Built on Amazon Bedrock: How BlueOceanAI Is Redefining Marketing with Agents
BlueOceanAI built an always-on brand strategist that is powered by agentic AI, helping marketers quickly access deep brand insights and boost operational efficiency by 97 percent
Benefits
97%
operational improvement for customers66-96
percent lower marketing analytics costs for customers4x
faster marketing investment payback for customers21%
lower operating expenses for BlueOceanOverview
BlueOceanAI (BlueOcean) uses artificial intelligence (AI) to empower marketers to make smarter, faster, and more impactful decisions for their brands. As marketing professionals themselves, BlueOcean’s cofounders understand the importance of data in context to help marketers make informed strategic decisions and better understand their market positioning. But the exponential growth of information poses challenges for marketers who need to parse disparate datasets and quickly derive insights.

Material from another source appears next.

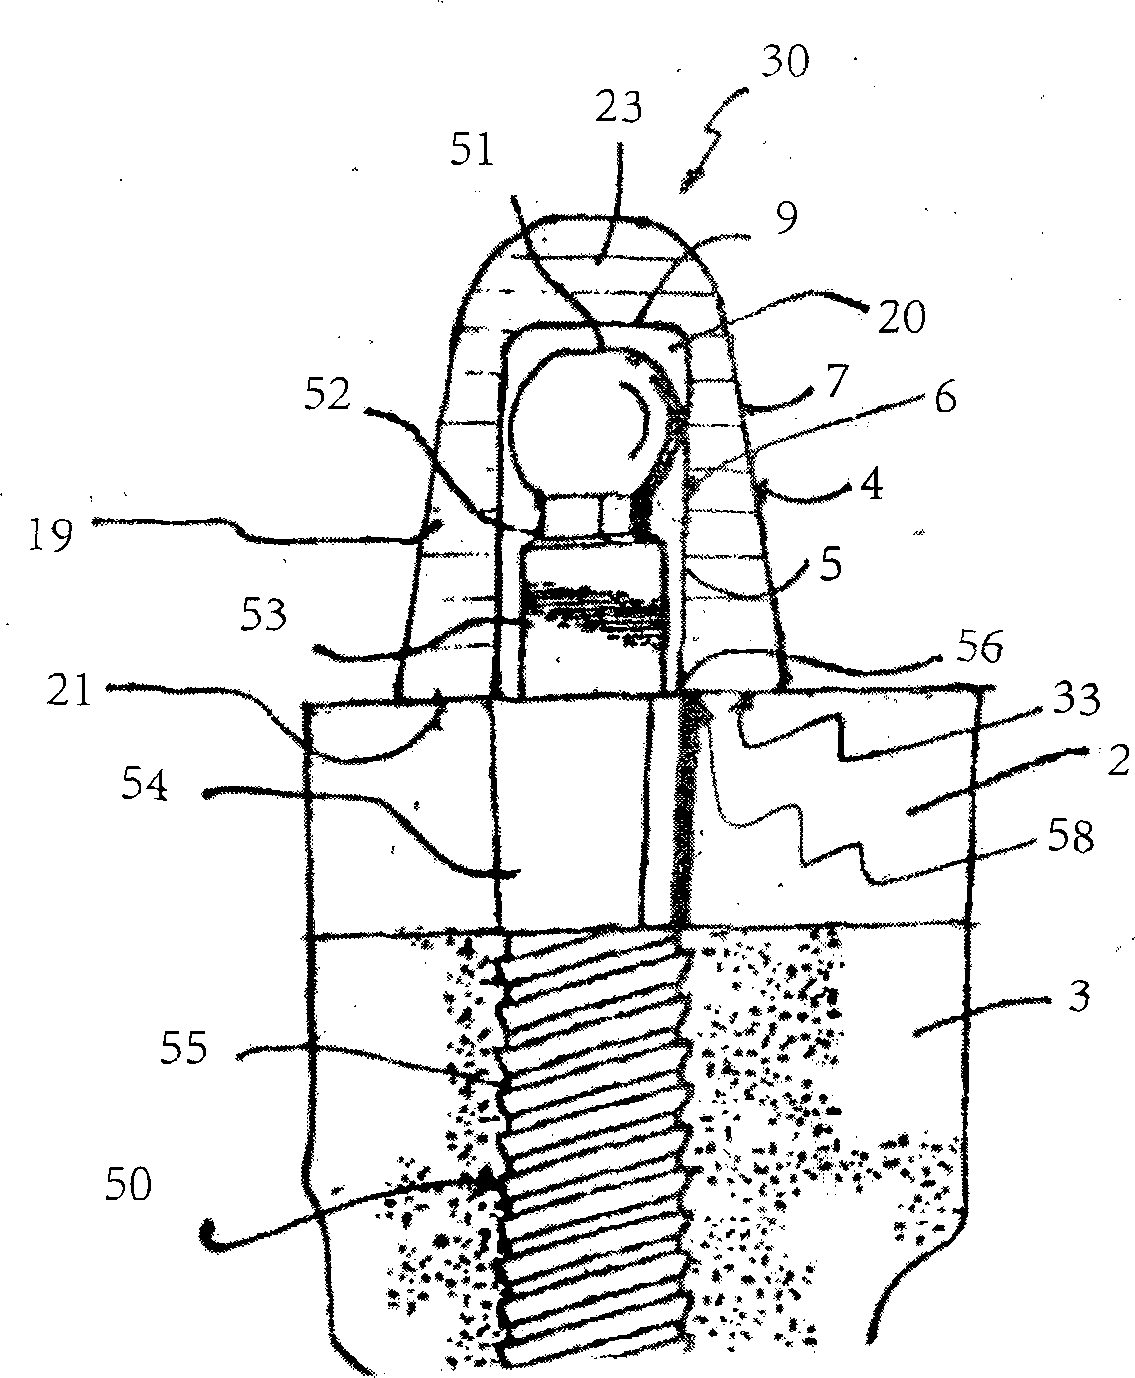 Prosthesis mounting device and carrier tool for use in mini implant fixed/removable prosthodontic applications

BlueOcean turned to Amazon Web Services (AWS) to develop Spark, an always-on, multi-agent, domain-specific framework built on Amazon Bedrock—the easiest way to build and scale generative AI applications with foundation models (FMs). Marketers can interact with their brand data using natural language queries, asking questions about market positioning, competitive advantages, and strategic opportunities while interpreting data on the fly and benchmarking themselves against their competitors.

About BlueOceanAI
Founded in 2019 by marketing professionals, BlueOceanAI provides purpose-built artificial intelligence agents that empower marketers to unlock creativity, accelerate time to market, and deliver measurable impact for their brands. BlueOceanAI customers include AWS, Cisco, SAP, Intel, Roche, and more.
Opportunity | Using Amazon Bedrock to Reduce Marketing Costs for Customers
Marketers typically rely on surveys and market research to understand brand perception, measure campaign effectiveness, and assess competitive positioning. These inputs help marketers position and craft advertising campaigns that deliver enhanced consumer experiences through highly personalized interactions for target audiences. For example, an enterprise brand might commission consumer surveys to test messaging concepts, hire agencies to conduct focus groups, and purchase research reports to track market share—which can cost $20,000–$400,000 per data source per year. When combined with additional costs for data processing, modeling, and strategic consulting that can range from $250,000–$1.2 million per year, traditional brand intelligence becomes prohibitively expensive. Moreover, a marketing campaign cycle can take 42 weeks, during which market conditions may have already shifted, making any insights less actionable by the time they’re implemented.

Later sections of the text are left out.